I am short, only 5’4”, but I still need a good stretch, so I am thankful when the plane hits the tarmac at LAX. My head flops back in exhaustion as I am desperately in need of a shower and a bed. I am sure I look even worse than I feel. I only have an hour in transit until I need to catch my next flight to Boston, and I don’t want to miss my connecting flight, so I shake it off and get moving. As soon as I disembark and get through customs, I run straight to the gate to board the next plane, maneuvering between holiday makers, kids, and businesspeople, then speeding my way through security. One of the downsides of living in Australia is that the travel to anywhere takes forever. That and the fact that everyone asks if we ride kangaroos to school. Which we don’t.

I arrive at my next departure gate just in time to merge in with the crowd, and as I board the plane, my thoughts once again go back to my family and my eyes start to well up. I’m not much of a crier in front of others; I usually hold everything in until I am on my own and then burst, because tears in the shower don’t count. Clearly, the long flight has me on edge. I walk onto the plane to find my seat, with my body weary, legs aching, and heart broken. Uncle Ray has arranged a first-class seat for me so I can travel in comfort, but flying for over 20 hours is still hard, whether you are in coach or first class. But at least I can breathe and have some space around me.

Space, that is what I need.

I quickly type out a text to my cousin Stephen—Uncle Ray’s son—to let him know I am on time. He lives in Boston, and although we literally live on opposite sides of the world to each other, we are close; he is like a brother to me. He is one of Boston’s most eligible bachelors and his funny dating stories keep me entertained and always put a smile on my face.

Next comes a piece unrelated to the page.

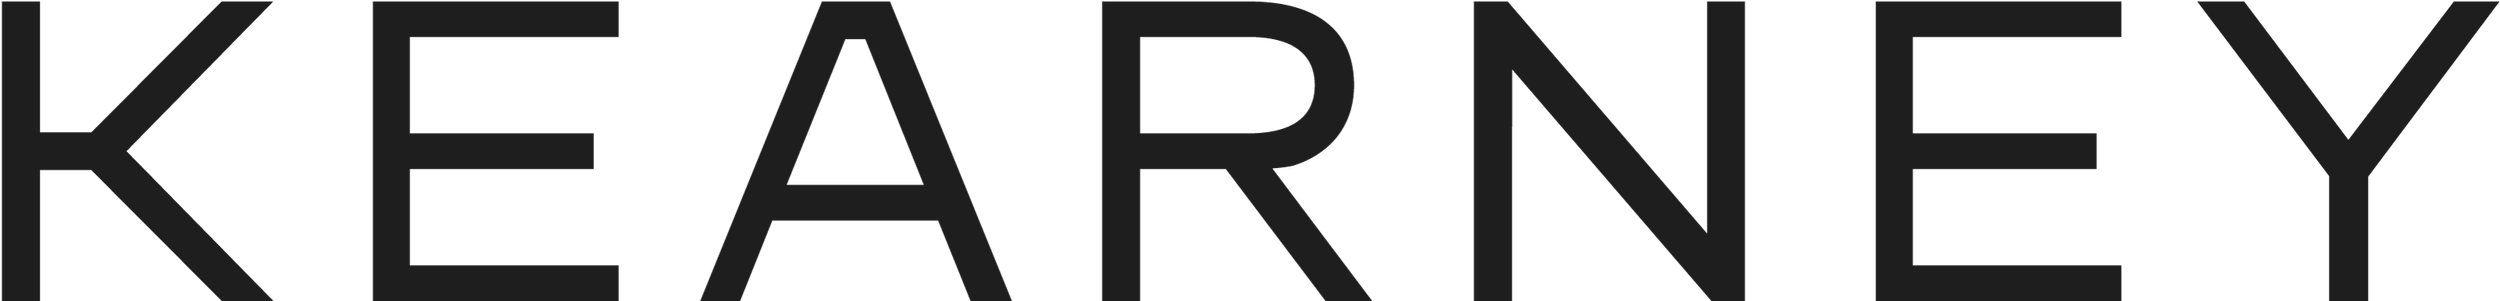 Kearney-Logo-Slate-RGB.png
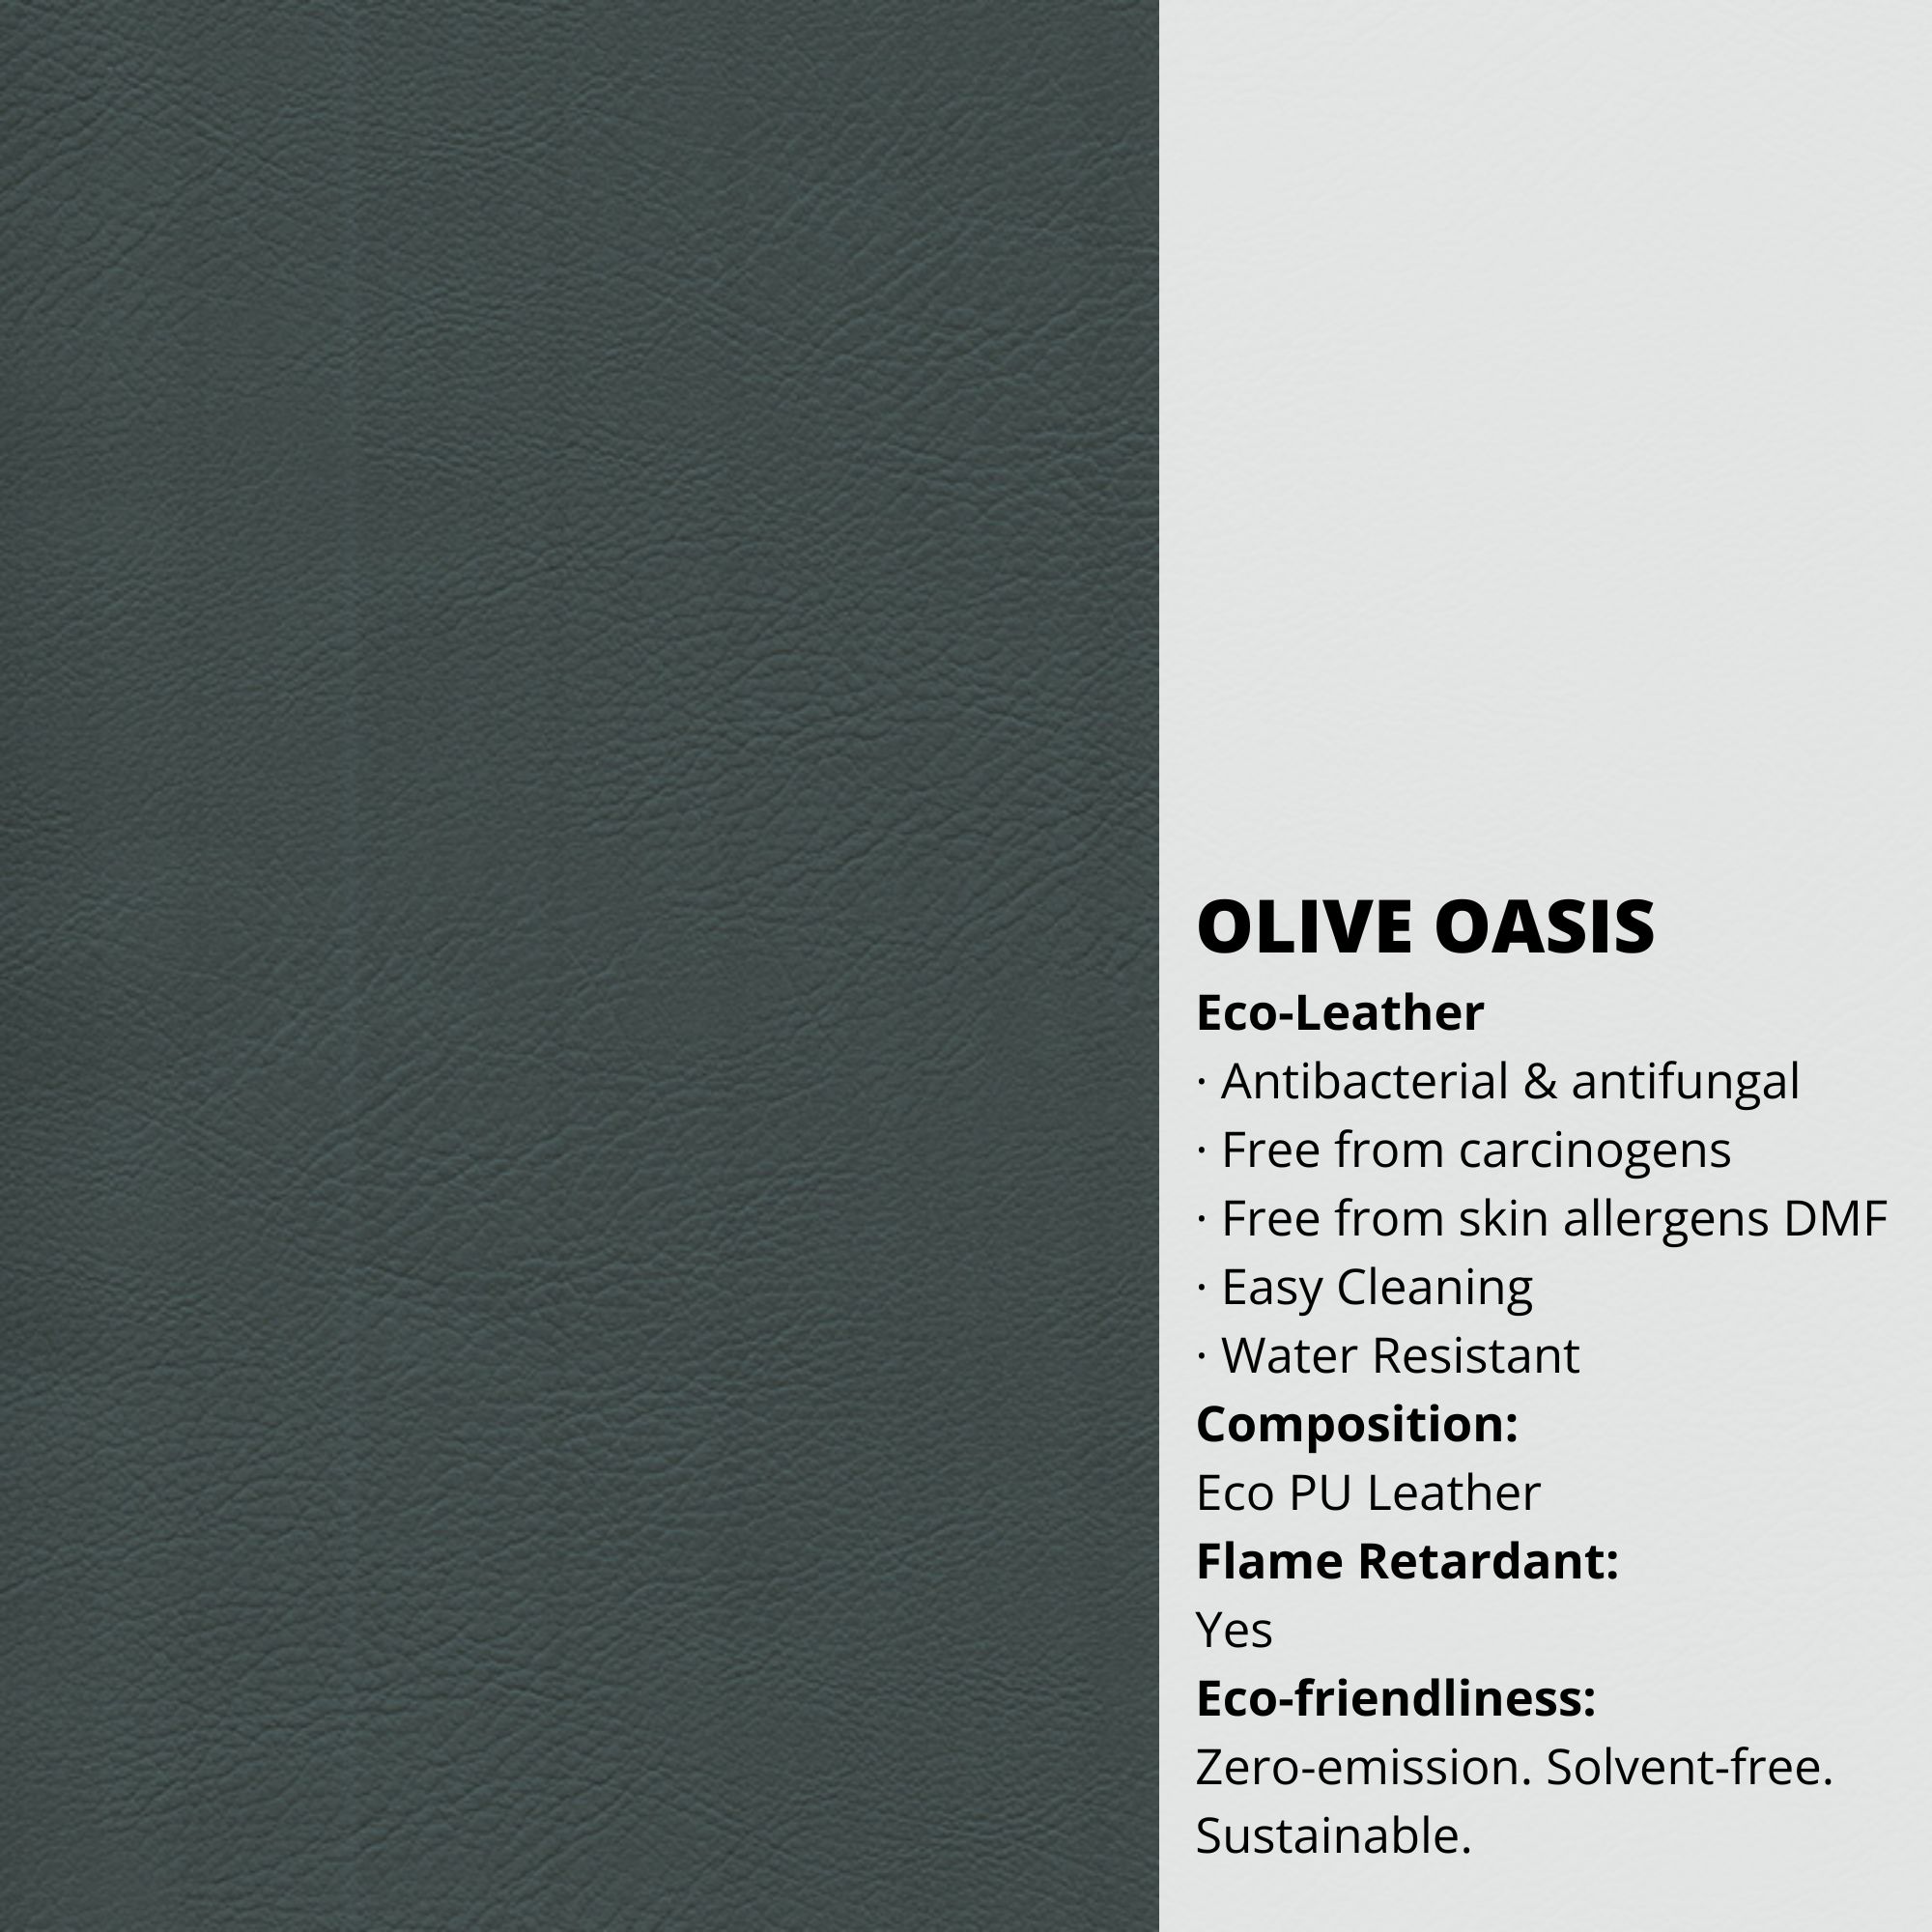 Olive Oasis

It is quiet in first class. There are many spare seats and those passengers who are on board keep quietly to themselves, which is perfect for me. No sooner have I sat down when the flight attendant comes over offering drinks, which I decline. I don’t eat or drink too much on flights, preferring to stick to water and fruit when possible. Once she leaves, I put my head down against the window and lose myself to the thoughts of the past, before dreaming about what the future could hold. The gentle hum of the engine and vibration of the window is enough to calm any nervous energy I have. I am leaving my past behind me today. Both physically and emotionally. Putting distance between me and my former life is the only way I can move past the darkness and back into the light. Moving to the other side of the world is my drug of choice; I sure hope it works.

2

Shaun

I cannot believe my private jet is out of action; I hate flying commercial. There are too many people in airports, and I just don’t have the patience. They all smell, and the little kids drive me crazy. I need to get home to Boston—fast.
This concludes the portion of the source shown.